J.A. (Drew) Bagnell is a doctoral candidate in Robotics and an NSF

graduate fellow at Carnegie Mellon University. His interests include

rich probabilistic models for statistical learning, robust and

stochastic control, and the application of machine learning to large,

partially observable planning and control problems.

11/18/03 – David Blei University of California, Berkeley, Computer Science Department

Learning Topic Hierarchies

I will discuss the problem of learning topic hierarchies from text data. Model selection in this domain is daunting---which of the large collection of possible trees to use? Taking a Bayesian approach, we have developed the nested Chinese restaurant process, a flexible, nonparametric prior on tree structures which is built via a collection of distributions on partitions of integers. This prior allows arbitrarily large branching factors and readily accommodates growing data collections.

We have used this distribution as a prior in a hierarchical variant of latent Dirichlet allocation (LDA). LDA is a probabilistic graphical model of text collections in which documents can exhibit multiple latent topics. In the hierarchical variant, these topics lie in a hierarchy which itself is random and unknown. A first approach to inference in such a model is a straightforward Gibbs sampling algorithm which finds an approximate posterior distribution on topic hierarchies induced by a collection of documents. This yields interesting results when applied to a dataset of abstracts from the NIPS conferences.

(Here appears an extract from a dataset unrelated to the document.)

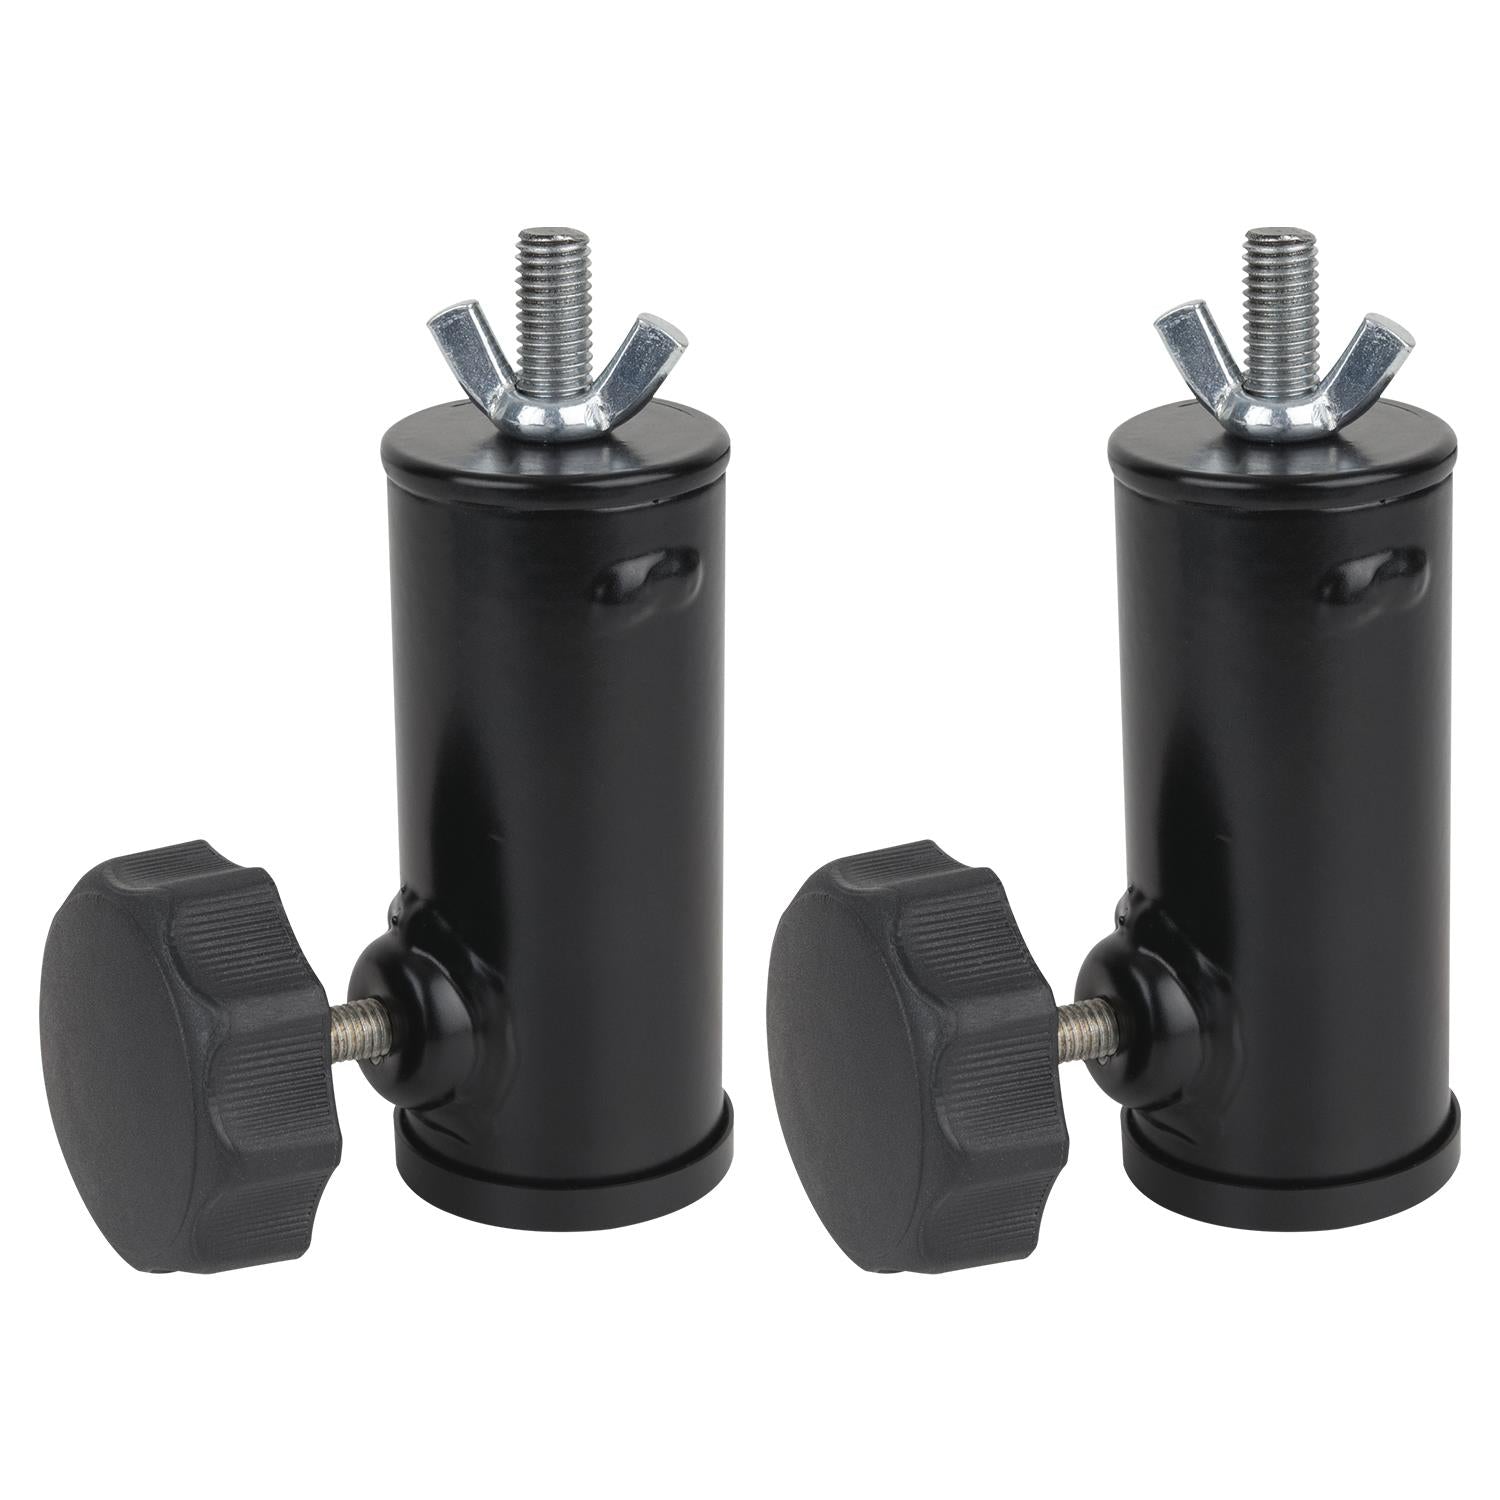 2 x Showgear M10 Lighting Stand Top Hat Adapter

(Joint work with Thomas Griffiths, Michael Jordan, and Josh Tenenbaum)

BIO

David Blei is a doctoral candidate in the Computer Science Department at U.C. Berkeley. He is interested in probabilistic graphical models applied to problems in text-processing and information retrieval.

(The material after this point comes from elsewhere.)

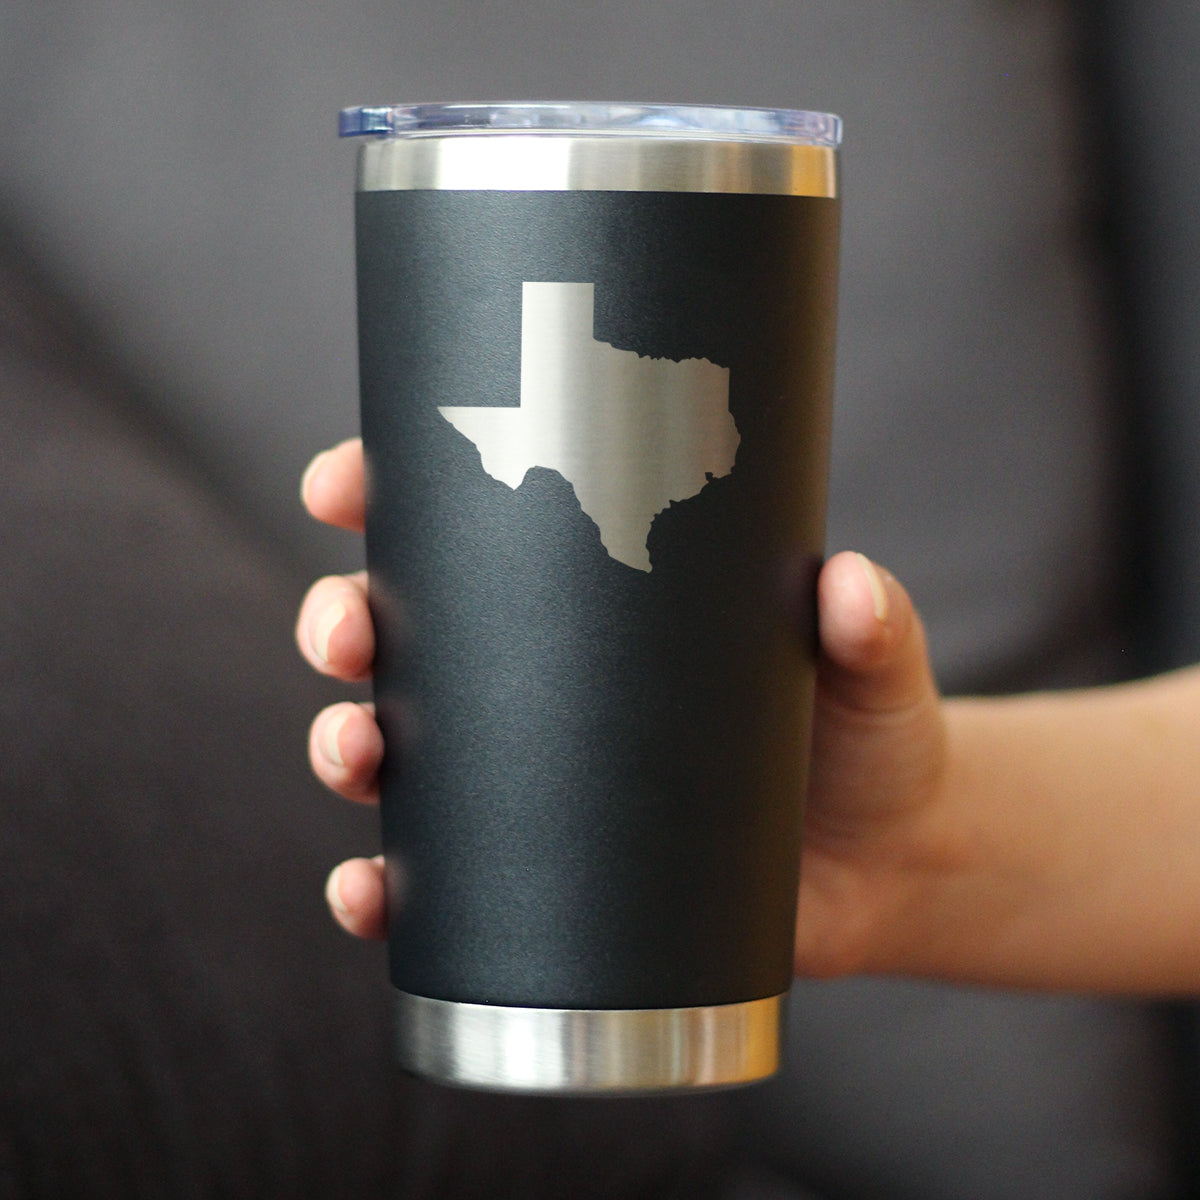 Texas State Outline - Insulated Coffee Tumbler Cup with Sliding Lid - Stainless Steel Insulated Mug - State Themed Decor and Gifts for Texan Women &amp; Men

11/25/03 – Andrew McCallum University of Massachusetts Amherst, Computer Science Depertment

Information Extraction with Conditional Random Fields

Information extraction is the process of filling a structured database
from unstructured text. It is a difficult statistical and
computational problem often involving hundreds of thousands of
variables, complex algorithms, and noisy and sparse data. Recently
there has been significant interest in conditionally-trained
alternatives to joint probabilistic models such as HMMs. In this talk
I will briefly review previous work in finite state, Conditional
Random Field (CRF) models for information extraction, and then
describe four pieces of more recent work: (1) the application of CRFs
to extraction of tables from government reports, (2) feature induction
for these models, applied to named entity extraction, (3) a
random field method for noun co-reference resolution that has strong
ties to graph partitioning, (4) an extension of CRFs to factorial
state representation, enabling simultaneous part-of-speech tagging and
noun-phrase segmentation.

Joint work with colleagues at UMass (Ben Wellner, Khashayar
Rohanimanesh, Charles Sutton, David Pinto, Xing Wei, Wei Li, Bruce Croft),
CMU (John Lafferty), and UPenn (Fernando Pereira).

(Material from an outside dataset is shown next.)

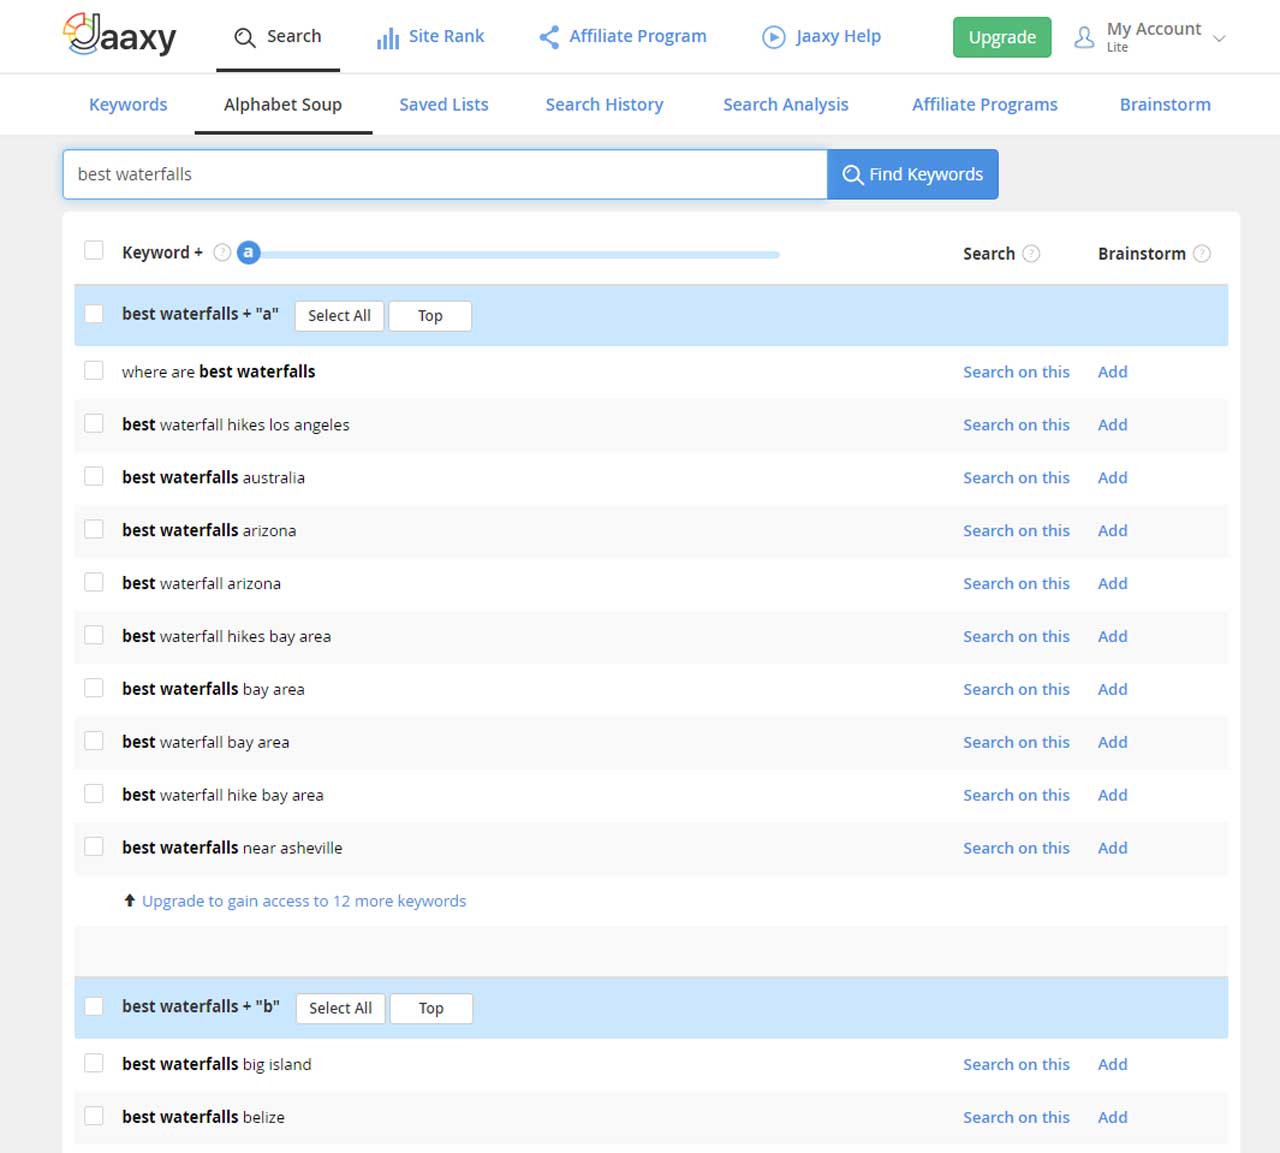 Screen capture of the Jaaxy keyword research tool, which comes with Wealthy Affiliate

Andrew McCallum is an Associate Professor at University of
Massachusetts, Amherst. He was previously Vice President of Research
and Development at WhizBang Labs, a company that used machine learning
for information extraction from the Web. In the late 1990's he was a
Research Scientist and Coordinator at Justsystem Pittsburgh Research
Center. He was a post-doctoral fellow at Carnegie Mellon University after
receiving his PhD from the University of Rochester in 1995. He is on the

editorial board of the Journal of Machine Learning Research. For the past
eight years, McCallum has been active in research on statistical machine
learning applied to text, especially information extraction, document
classification, finite state models, and learning from combinations of
labeled and unlabeled data. Web page: http://www.cs.umass.edu/~mccallum.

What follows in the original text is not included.